The RL entrypoint supports several training algorithms, switched via [orchestrator.algo]’s type (see Algorithms for the full reference, model references, and per-algorithm customization):

`algo.type`	Frozen model	Use case
`grpo` (default)	None	Standard group-relative RL
`max_rl`	None	MaxRL: GRPO with mean-normalized advantages (maximum-likelihood RL)
`opd`	Required, must be vLLM (needs `prompt_logprobs`)	On-policy distillation: the policy generates rollouts, the trainer minimizes per-token reverse KL to a reference model
`sft`	Required, any OpenAI-compatible endpoint	Hard-distill: a frozen model generates rollouts, the policy trains on its tokens
`opsd`	None — the live policy is its own reference (no deployment)	SDFT: the model is its own reference conditioned on expert demonstrations
`echo`	None	GRPO plus cross-entropy on env-observation tokens

A new algorithm is a named class in code, not a config — see Algorithms § Authoring an Algorithm. Frozen models are declared inline on the algorithm, named where the model is used — [orchestrator.algo.teacher] for opd (the frozen model scored against), [orchestrator.algo.sampling.source] for sft (the model it samples from) — each with name + base_url. opsd declares no frozen model: it self-distills against the live policy. The rl entrypoint only manages policy inference — start frozen-model servers yourself and point base_url at them:

CUDA_VISIBLE_DEVICES=1 uv run inference \
  --model.name <frozen-model> --server.port 8001

The standalone uv run sft entrypoint is the more traditional SFT path — pure dataset-based, no orchestrator. Use the sft algorithm only when you want a frozen model to generate the supervision on the fly.

Important Metrics

Pulled from the console logs and mirrored to W&B. Progress (orchestrator):

reward/{all,env}/mean — main signal. Should trend upward over hundreds of steps.
seq_len/{all,env}/mean and is_truncated/{all,env}/mean — rollout length and truncation rate.
num_turns/{all,env}/mean — for multi-turn envs.
empty_rollouts/{all,env}, errored_rollouts/{all,env} — non-zero is fine in small numbers; sustained > 5% is a smell.
eval/{env}/{avg@k,pass@k} — eval scores when [orchestrator.eval] is set.

Stability (trainer):

mismatch_kl/{all,env}/{mean,std,max} — KL between trainer’s current policy and the (older) inference policy that generated the rollouts. A sustained, growing mean is the early-warning sign for off-policy collapse.
entropy/{all,env}/mean — too low means mode-collapse; too high means the model isn’t committing.
masked_advantage_{positive,negative}/mean — fraction of DPPO-masked tokens, split by sign.
optim/grad_norm — spikes precede divergence; check the loss config or lower the LR.

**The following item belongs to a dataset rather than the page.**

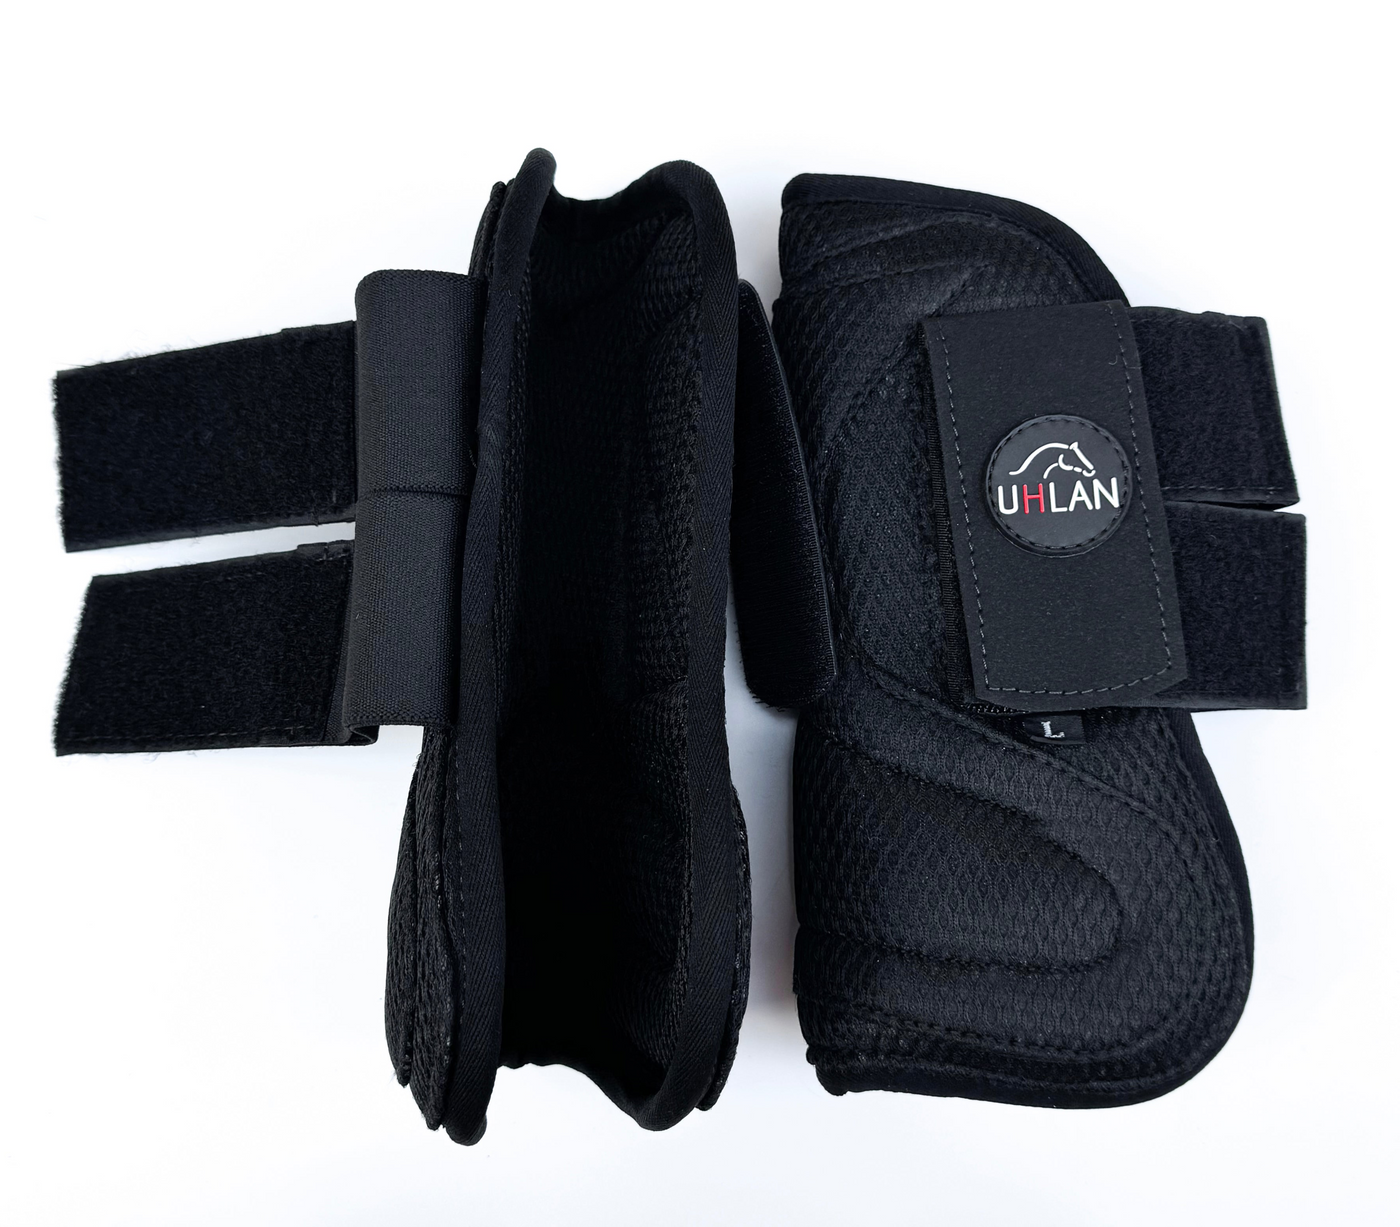 SAMPLE Airflow Tendon Boots - Size Full

Performance (trainer + orchestrator step independently):

Source	Metric	Reading
trainer	`time/wait_for_batch`	high → orchestrator bottleneck
orchestrator	`time/wait_for_ckpt`	high → trainer bottleneck

SFT Trainer

uv run sft runs supervised fine-tuning from a HF dataset. It shares model loaders, FSDP setup, checkpointing, and the chat-template plumbing with the RL trainer, so a typical workflow is SFT → RL → SFT → … without any reformatting.

Dataset Format

Two accepted layouts:

Prompt-completion: a HF dataset with prompt and completion columns (TRL format). The trainer masks out the prompt and computes loss only over the completion.
Messages: a HF dataset with a single messages column containing a list of chat turns. The trainer interprets the whole conversation as one sample, applies role-based loss masking, and trains over all assistant turns.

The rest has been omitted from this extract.